There will be a reply assault in the morning. Command has ordered the entire 5th Vorsek Reserve into the maneuver. Hopefully we will see some gains this time around. Discipline has been a main concern throughout the line. The desertion rate is high, and more men seem to go mad every hour they sit. I have personally executed 65 men found wanting in the last three days. I try to convey to the men a casual attitude as much as i can. I want them relaxed but i want them focused. sometimes i even remove my storm coat and cap, fork them on the end of my sword and high step around the trench to generate some humor. it didn't work today.

I do what i can for the men. I tell them heroic tales and assure them that there are glorious days ahead. I tend to wonder though. I wonder if any of us will ever see a day of quiet. A day where we can sleep through the night without explosions shaking us from our beds. I dont think we ever will.

Ah, it seems the enemy guns have finally taken a breather. I'm sure Command will issue the go-ahead soon. Emperor willing i will write again tomorrow. If not, may he guide my soul. 

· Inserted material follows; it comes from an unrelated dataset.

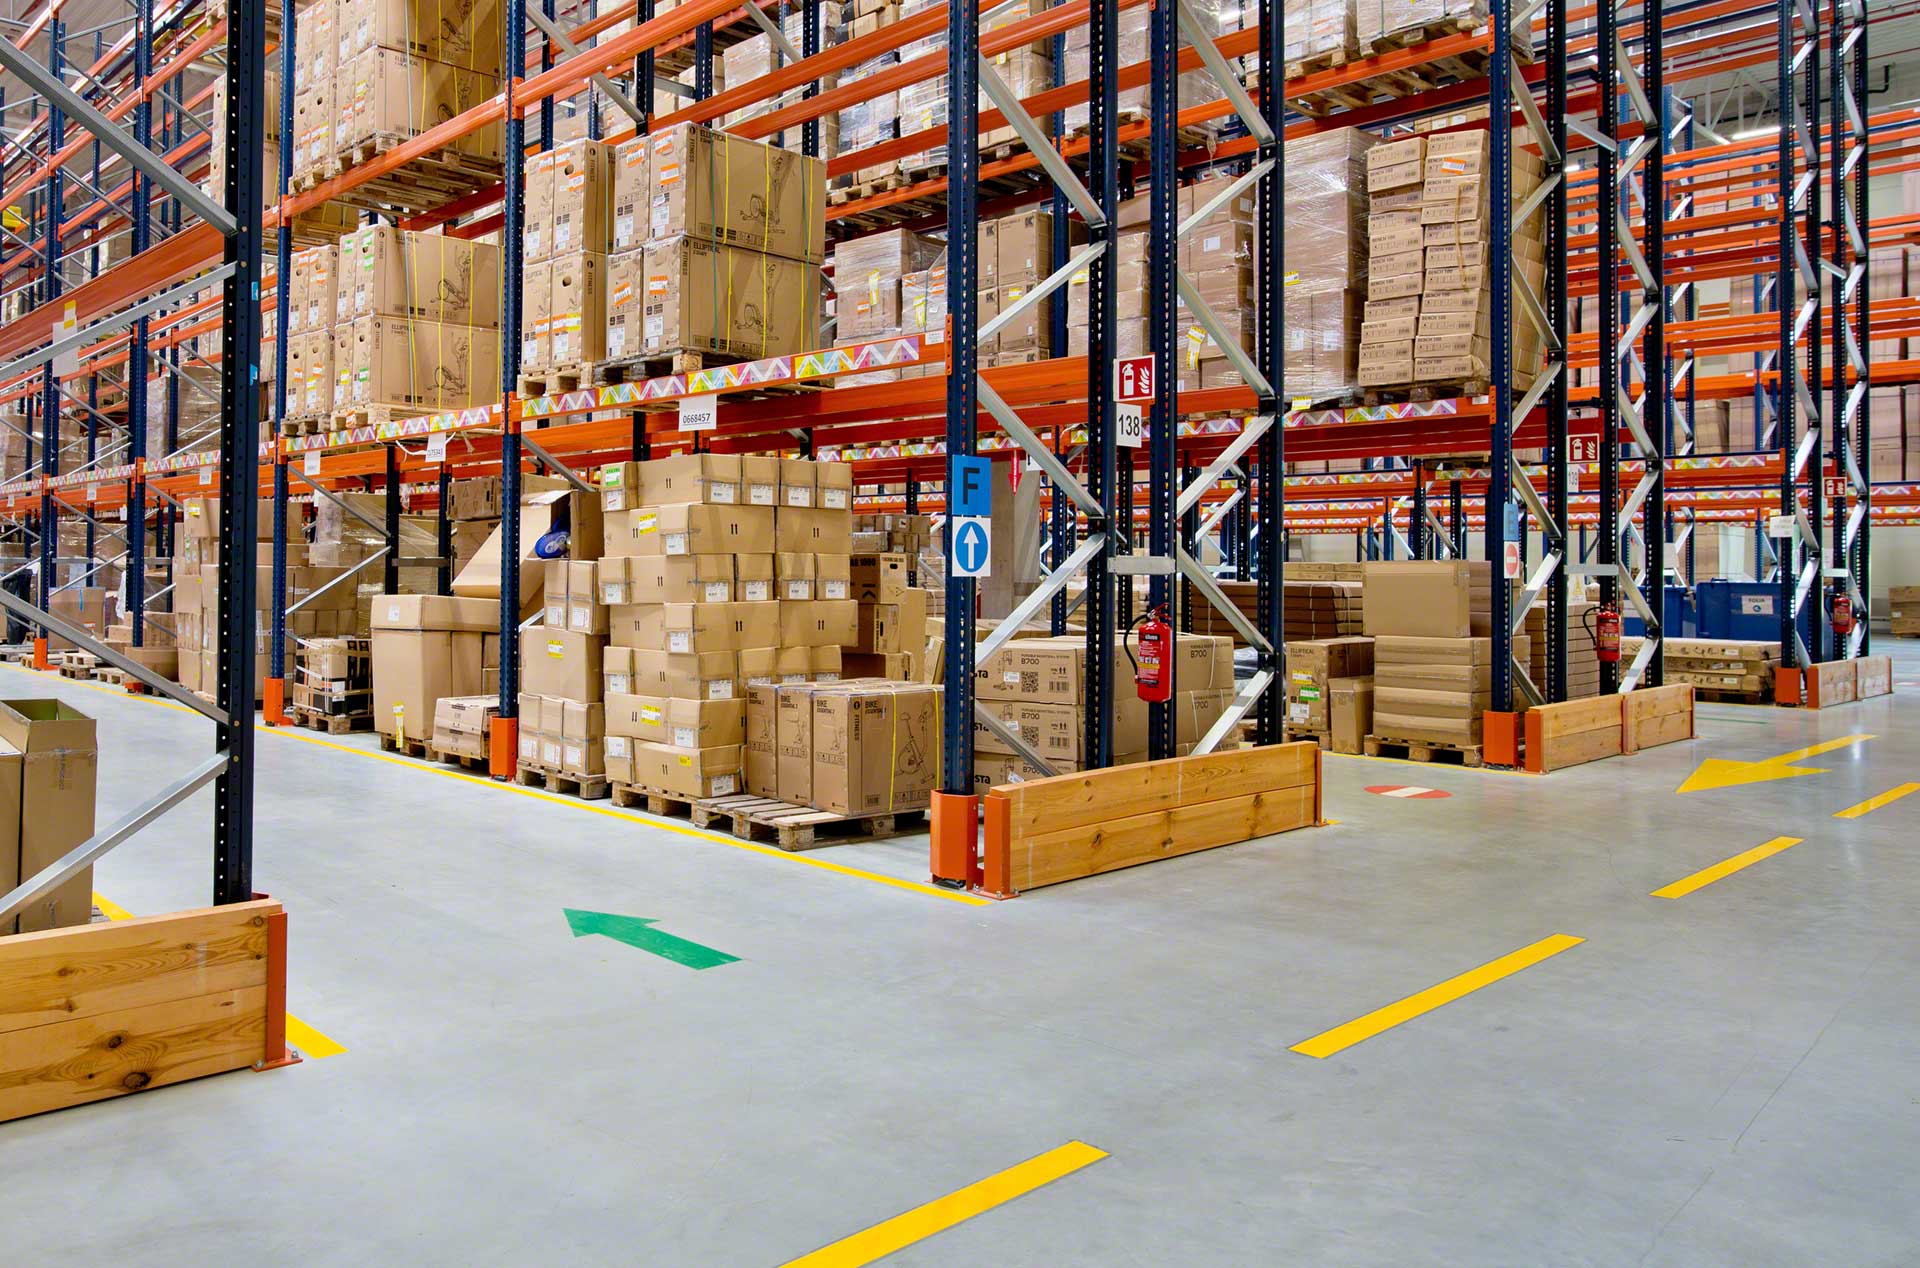 Señalización en el almacén: seguridad y protección para operarios y mercancía

Charging forth in the Emperors light,

Commissar David Ploss_

Hi everyone, i just wanted to contribute a little to this wondeful thread about beginnings. i have always been fond of the journal entry beginning myself, because it allows me to convey the thoughts of my characters more personally. i've always liked to create and display a character in this way. Normally i'll sit down and think, what does this character cherish in life, how does he/she think of others. and then i'll put it down as if i was actually writing a journal entry myself. if you choose to start a tale this way, make sure that you keep each paragraph short and to the point. Try and keep it realistic while still providing the detail that is required for a reader to be able to picture the setting and story in their head. It can be insightful or slightly vague. either way, it needs to be able to summarize whatever the current situation is. I'll do a little explaining later about what it all includes. probably in a separate thread just devoted to the journal entry beginnings. but for right now, i just provided an example for what my beginning generally look like.

cheers, :drinks:

Commissar Ploss


----------



## Vaz (Mar 19, 2008)

_I remember the choosing well. It was violence, right the way through.

We knew these men among men – huge men, armoured men, noble men – were there to take use to become one among them. They were men, for that was what the Bard had said. The bard was not one of us, yet he was not one of them.

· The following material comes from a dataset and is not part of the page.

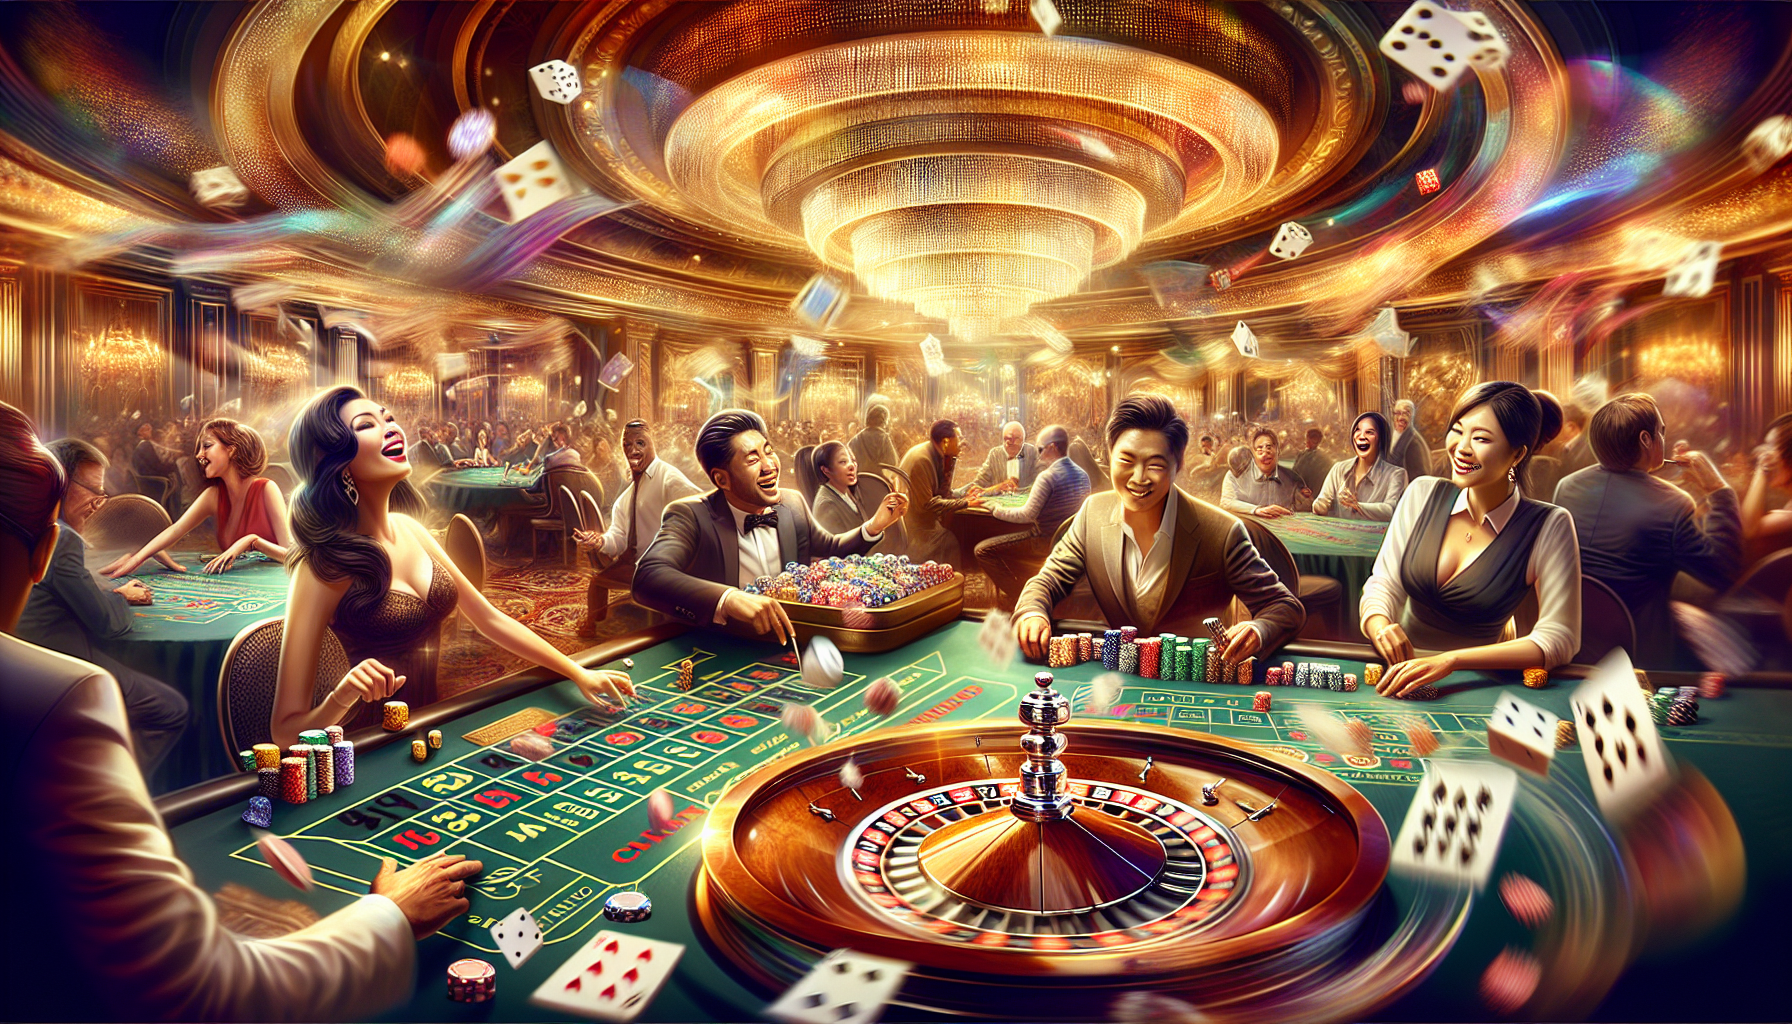 Le Frisson du Casino en Direct : illustration de joueurs excités dans un casino

We are a proud tribe’s people – this planet, our world, we are told, by the Bard, that this is but one among many. I did not know this, but the Bard had spoken. It must be true. He had been with them. He told us, that despite our factions, our tribes, our alliances and allegiances, we are but one people, one people among many. There was many a time when I wondered at what the Bard had said, what he meant, but it was not my place to wonder. It was my place to do.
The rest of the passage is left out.